# WORKED GREAT IN JUNE



## Alexandre (May 26, 2012)

Theres no pictures :O?


----------



## Everett1 (Jun 18, 2011)

Do you have any pictures with the straightedge showing the table movement?

I have one of these and did. See the problem you have (I now have a big jointer with cast iron so don't use the small one much anymore)

Ev


----------



## a1Jim (Aug 9, 2008)

Thanks for the review sorry for your problems.


----------



## Grandpa (Jan 28, 2011)

Everything moves with temperature change. Metals are no exception. The internal stresses in your table were causing the problem. The chances of getting another table that did the same thing would be slime but you could have another planer that could do the same thing. Brand doesn't matter. It can still happen. Those stresses can be relieved with heat treating but I suspect this is not done often anymore. This is a big expense. 
You could probably get a different Porter Cable planer and it would hwork fine. Never know. It all depends on the metal used and how it was handled after it was cast. Sorry it happened but you never know what will happen. It could happen on your new planer when it warms up…..or it might never happen on another Porter Cable planer.


----------



## DAC (Dec 7, 2012)

I brought it back tp Lowes. Even though it was 6 months old they took it back after a bit of me standing my ground. I received a store credit which is ok as i do need supplys. My new planer is on the way. a jet 6 inch job with rabbiting. $250 vs $800. $800 had cast iron and should not budge. I only use it for edge planing for glue-ups but really really really need a straight edge. Now that I will soon be working on my Cocobolo and Wenge project, Cocobolo top with Wenge body and maybe a very small accent with purple heart, one coffee table and two end tables then a sofa frame. This is where I need accuracy as the wood is too expensive to waste on measuring and cutting mistakes.


----------



## Grandpa (Jan 28, 2011)

Cast iron will move. Like my first statement said, everything moves. We hope it moves in a straight line but it it moves at angles then you have the results you just experienced. I hope it works for you but do understand that there are no guarantees when dealing with metal….or wood. It all moves all the time.


----------



## DAC (Dec 7, 2012)

There are no guarentees even in life except that we are guarenteed to die.
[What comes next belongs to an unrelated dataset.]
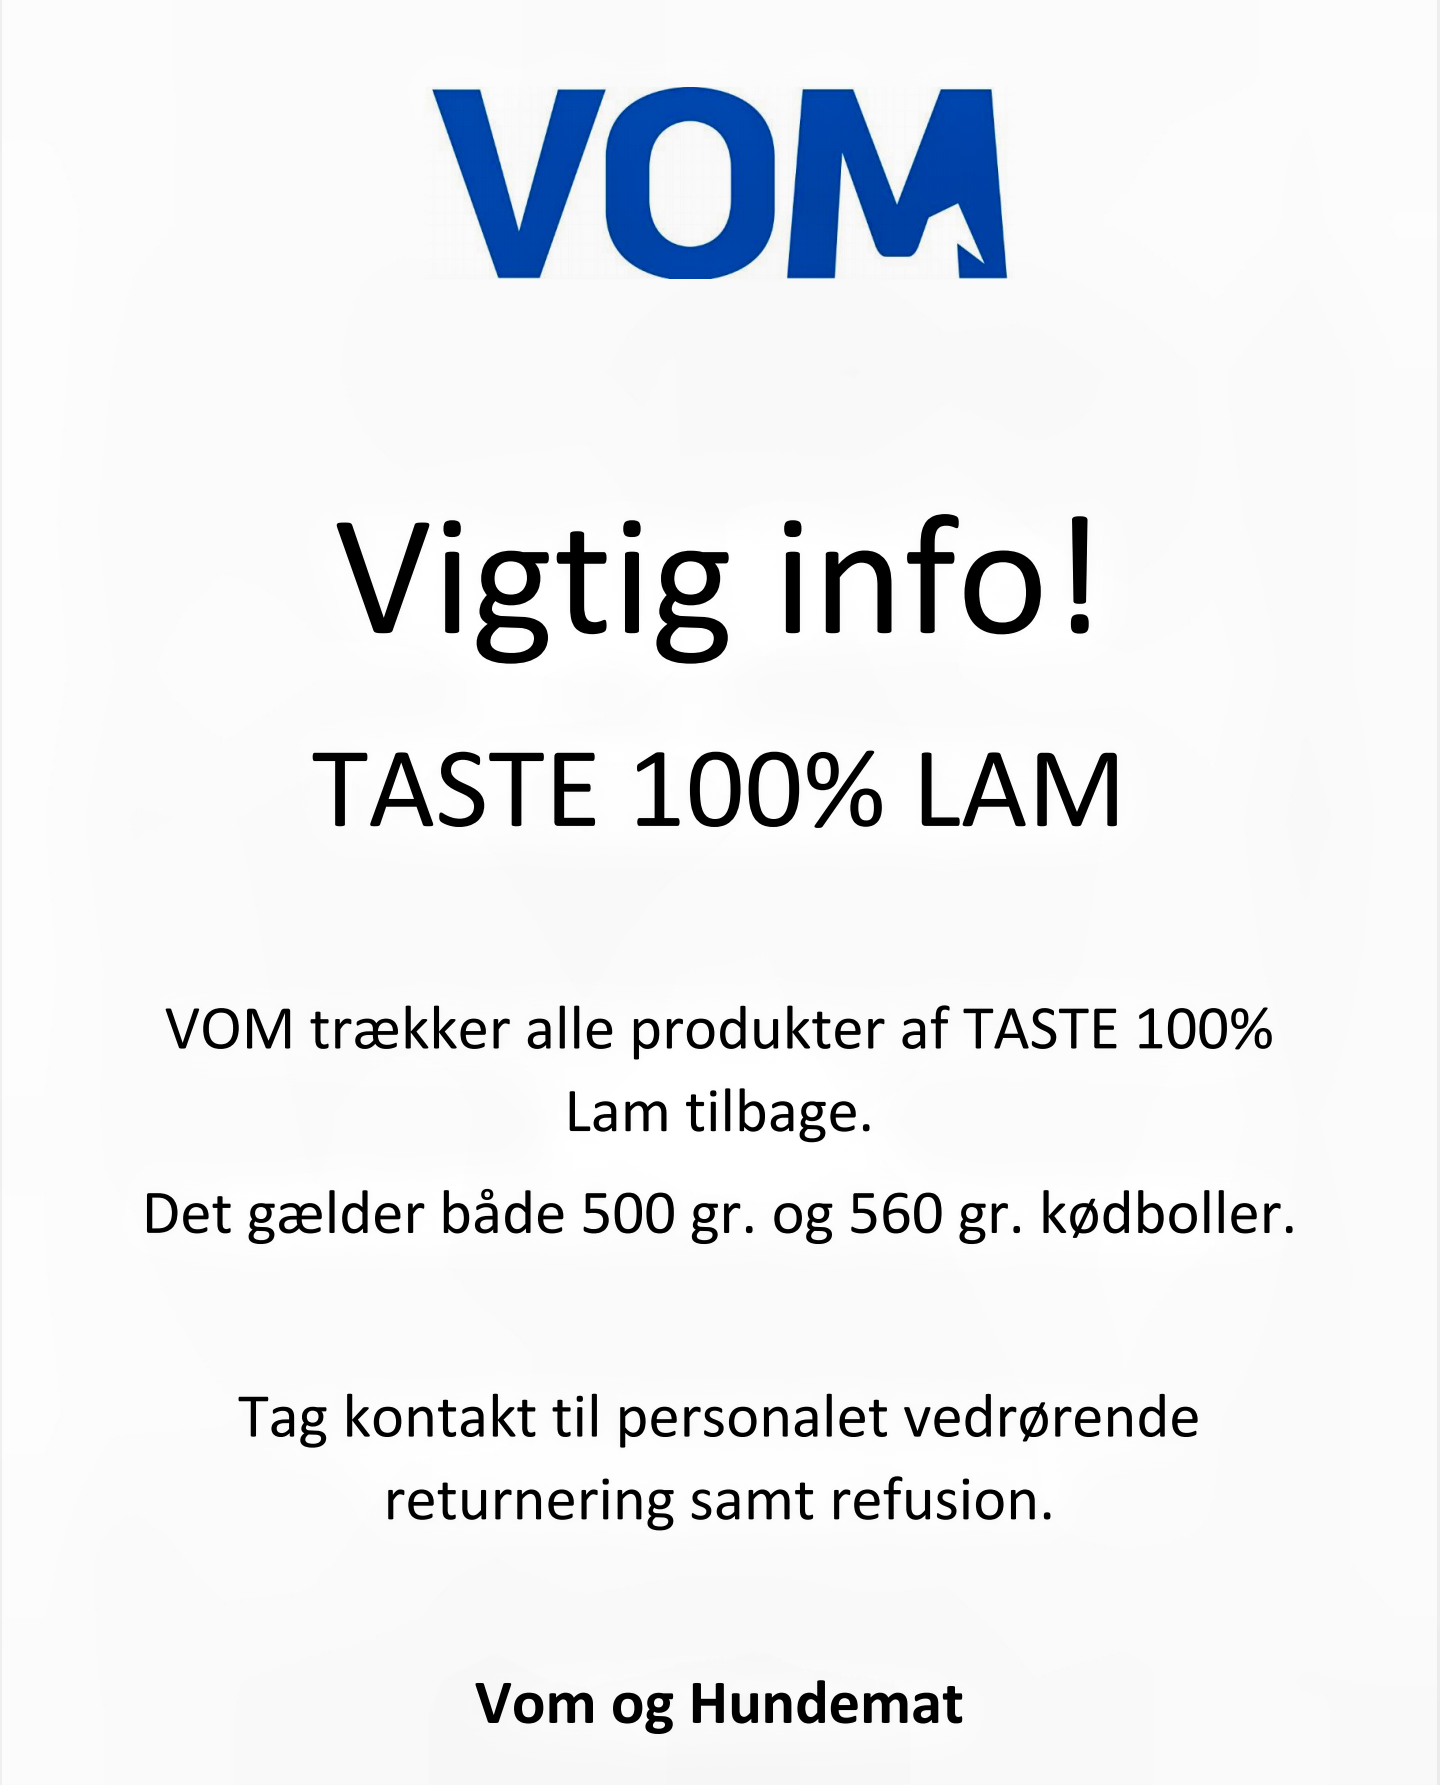 You are currently viewing Tilbagekaldelse af VOM TASTE 100% LAM

Still the Jet 6 inch planer has adjustable in and output tables, cast iron, and 56 inches. It is indeed hard to find heat treated tables and cannot expect even a modicum of standards in quality control.It is truly a shame that I have to buy, due to price and quality, tools not made in the U.S.A. excluding my router table and lift to make something I can say is MADE IN AMERICA. You cannot go down to the local furniture store and buy what I or what you fine gentleman produce. Whether it be a bandsaw box or a finely crafted piece of furniture. We keep the wood dreams alive. Then I wake up and think oh ********************. I have to go to work today.


----------



## Ted78 (Dec 3, 2012)

Yes metal will expand and contract with rising and falling temperatures and there is no way around that, or any way around having to re-adjust the machine as temperature changes. BUT, if designed and cast correctly out of suitable material it should expand and contract uniformly and therefore not warp.


----------



## DAC (Dec 7, 2012)

This Monday I will have a brand new shiney 6 inch jet planer.oooohh shiney! I do have a 13 inch planer by dewalt that does a good job if you control the infeed so it does not snipe the wood even with the extra tables. But I use the 6 incher for edge planing for glue ups. The longer table will make it nicer for my longer work such as table tops that can be up to 60 inches. Everytime I have tried to save money on a tool it has come back to bite me. There are just some tools that you need to belly up to the bar and spend the dough to get a minimum of neccessary quality. planers, router bits, drill bits, saw blades, etc. are in the class of items you never want to go cheap on. I bought a bargain router bit many years ago and had a piece of it fly off. drill bits that have runout, saw blades that dull quickly. I think you get the picture. The cheap planer was fun while it lasted. Now onto something more serious.


----------



## Grandpa (Jan 28, 2011)

I am sure it will be a great investment. I wish you all the best on this purchase. ENJOY!


----------



## MrSamNC (Dec 14, 2011)

I've owned the same jointer for several months and have not had the issues experienced by the OP. In addition, my shop is un-heated and un-insulated. So it's gone from late summer into winter thus far. I have had nothing but great outcomes with the jointer. Everything has its flaws, but this has been a great tool for me thus far. It holds square and the tables did not require any adjustments.


----------



## Grandpa (Jan 28, 2011)

Ted summed it up but he also put in the "if's". If there are no internal stress in the casting nothing happens out of the norm and we are happy. If there happens to be an internal stress then we have problems. DAC got lucky… or unlucky as the case might be. It just happens sometimes. Nothing is perfect and if it were…we couldn't afford it. Would I be happy? Not on your life. I would contact the company and ask them what they intended to do to make my machine right. Keep asking for that person's supervisor until you get some satisfaction. If there is no satisfaction to be had then change to a different brand and be sure to tell them why but never allow them to think you will leave their company until you are sure there will be no resolution.


----------



## DAC (Dec 7, 2012)

I now own a Jet 6 inch planer with a 56 inch long table. No more problems with bowing. I do wish that the adjustments were as fine as the Porter cable but I can live with it the way it is. I must say that the Porter Cable gave me a much finer edge but I am very happy with the Jet. No adjustments were needed after assembly. everything was spot on. I ran a piece that had the bow through it and like magic it was gone. A nice straight edge. It did however put a hurt on the pocket book. No more new tools for at least a year now. So the lathe I want will have to wait till 2014.


----------



## DAC (Dec 7, 2012)

2014 and I now have a lathe.


----------